» Assignment: Exactly as written, output each of the lines below, with no images.

» Given material:
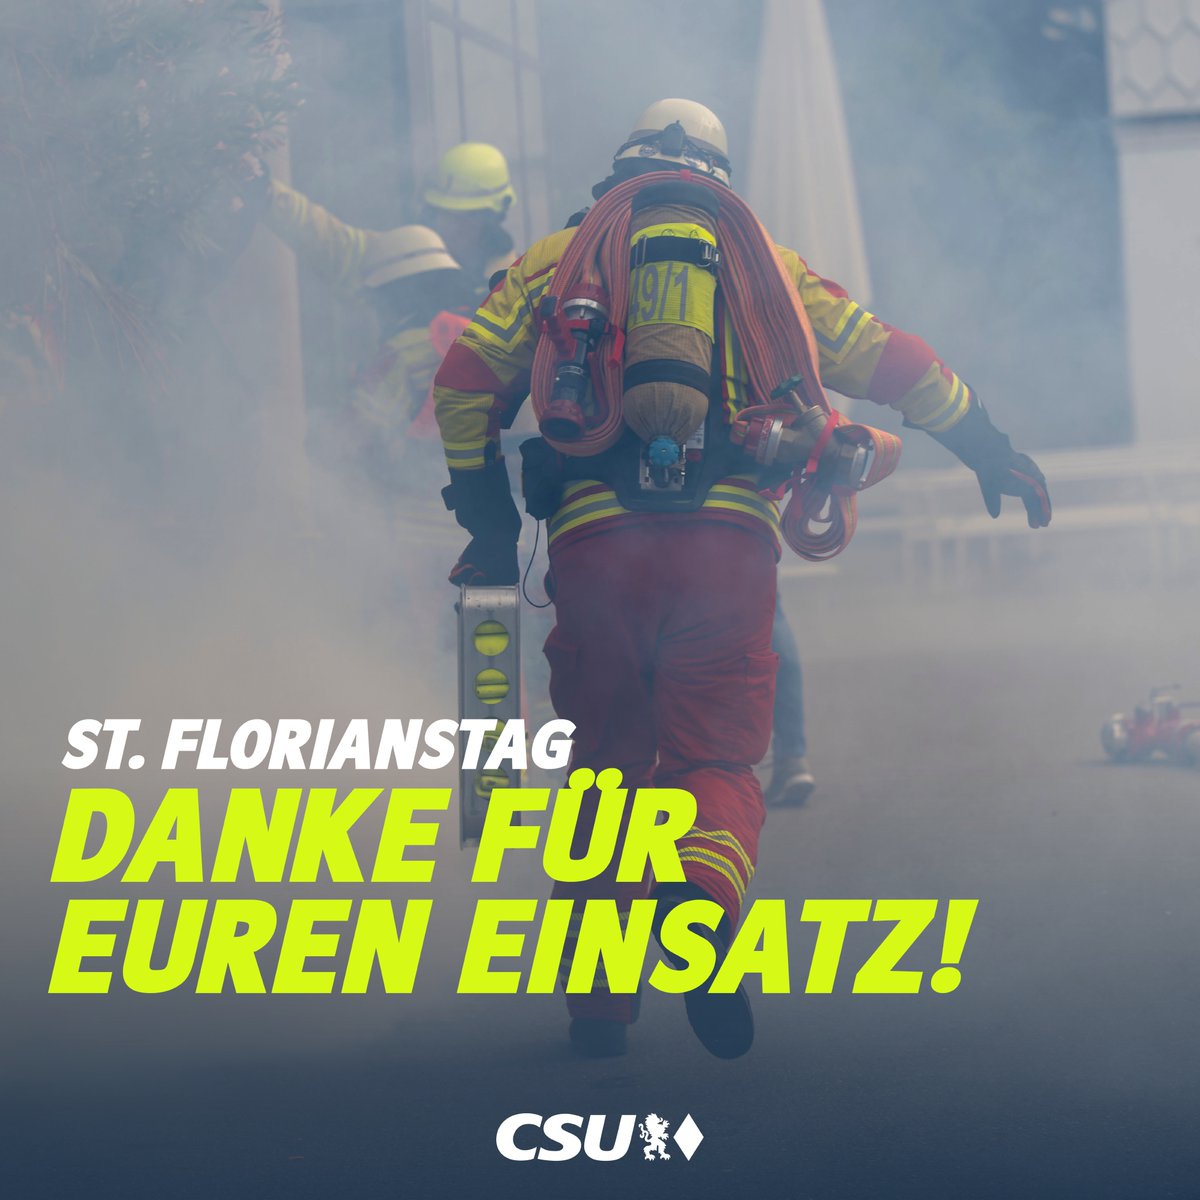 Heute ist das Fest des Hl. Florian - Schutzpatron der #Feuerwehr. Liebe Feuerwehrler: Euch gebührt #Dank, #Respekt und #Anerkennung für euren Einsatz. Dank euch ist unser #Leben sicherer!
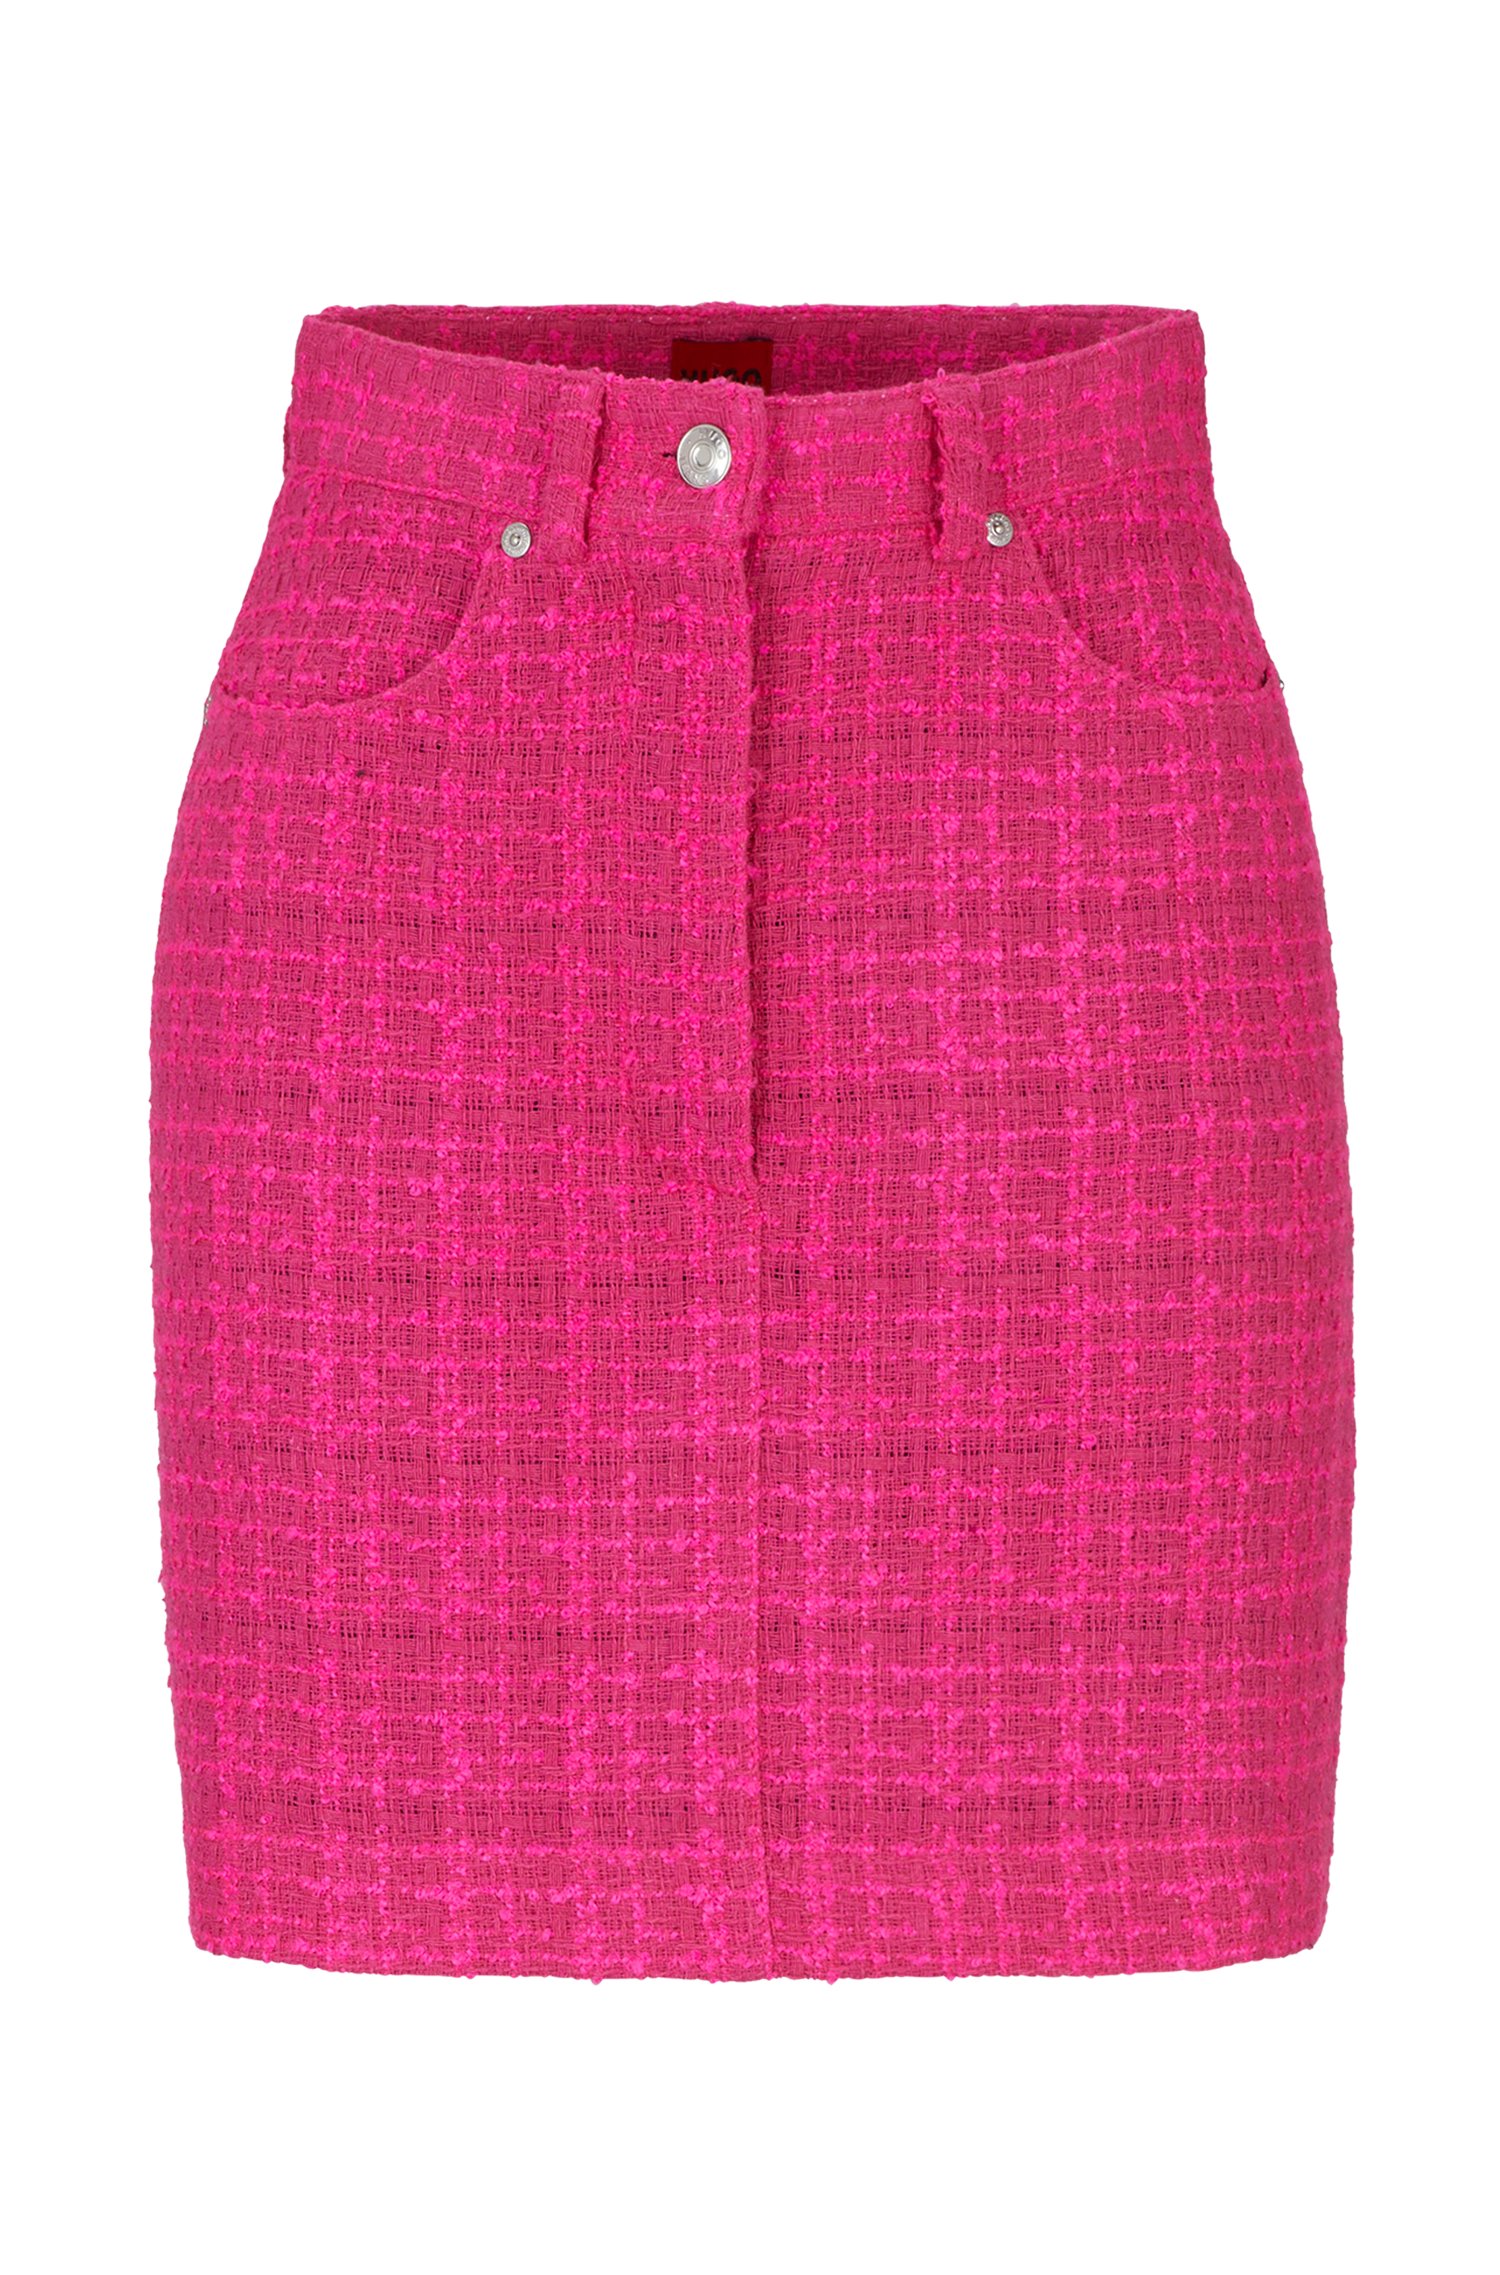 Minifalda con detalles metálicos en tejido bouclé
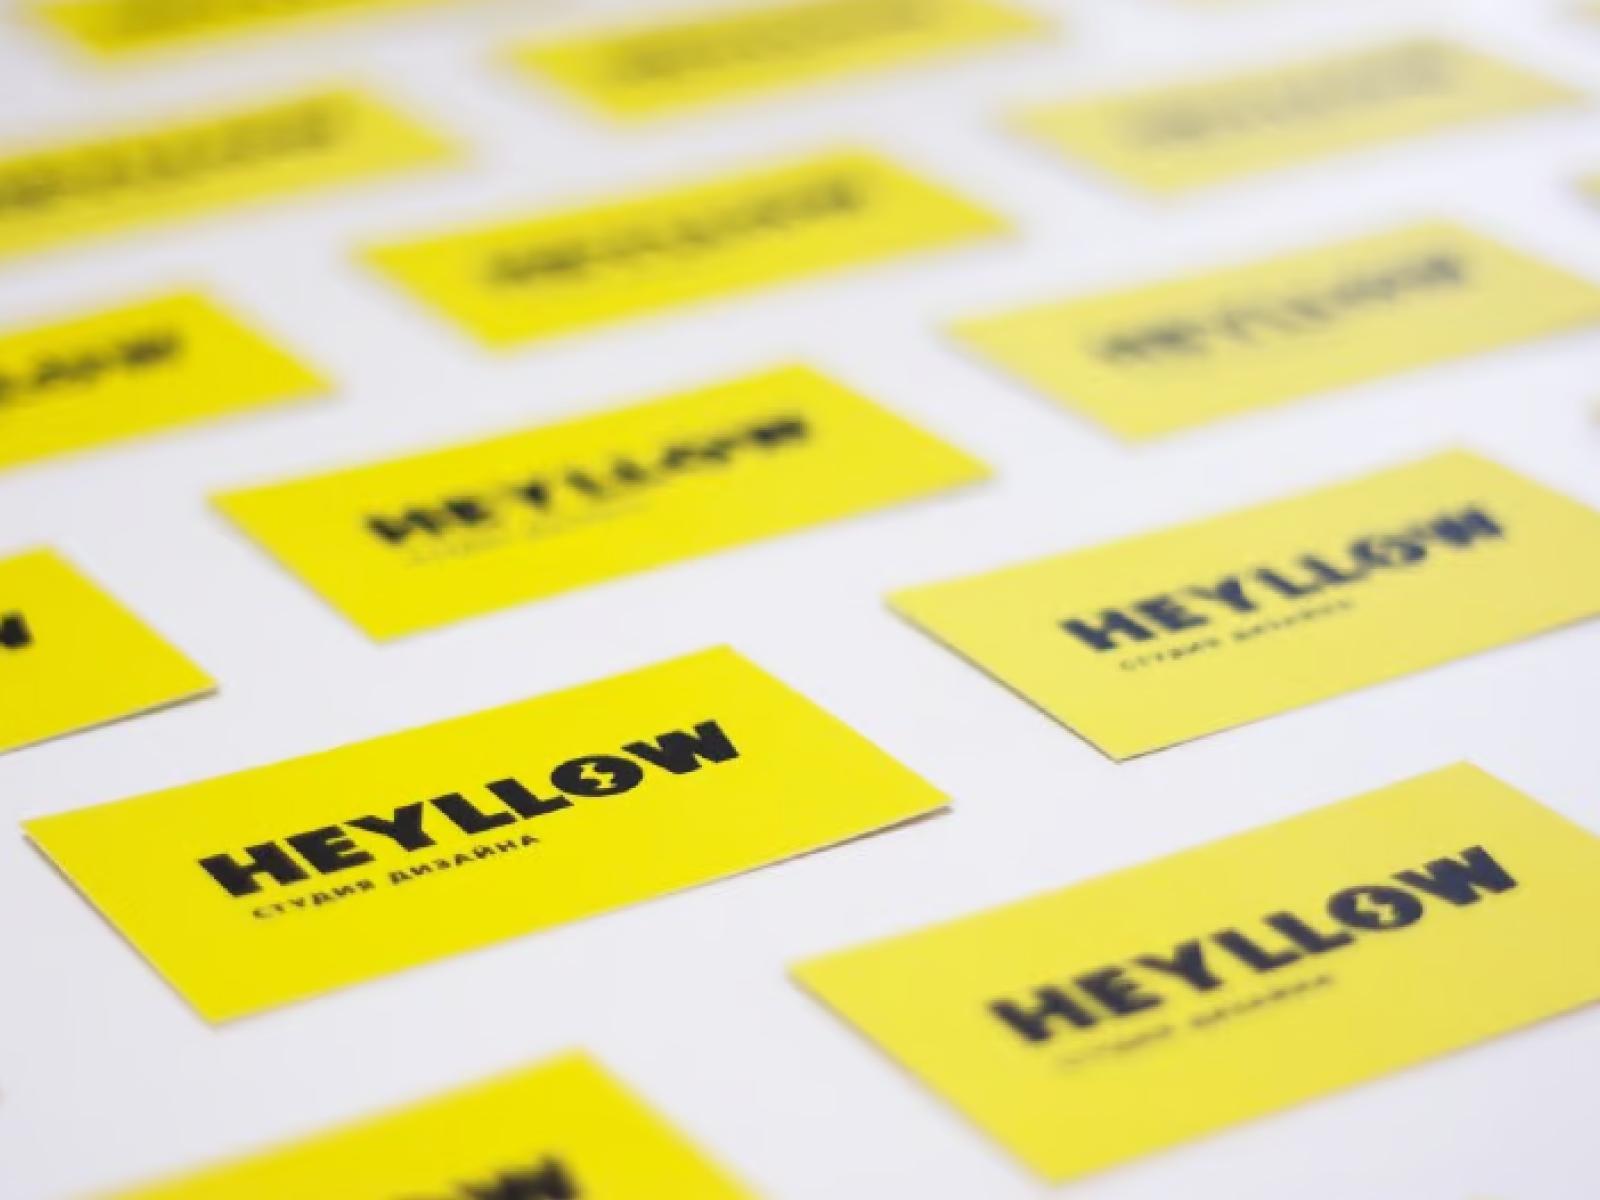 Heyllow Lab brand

» Solution below:
 Heute ist das Fest des Hl. Florian - Schutzpatron der #Feuerwehr. Liebe Feuerwehrler: Euch gebührt #Dank, #Respekt und #Anerkennung für euren Einsatz. Dank euch ist unser #Leben sicherer!
 Minifalda con detalles metálicos en tejido bouclé
 Heyllow Lab brand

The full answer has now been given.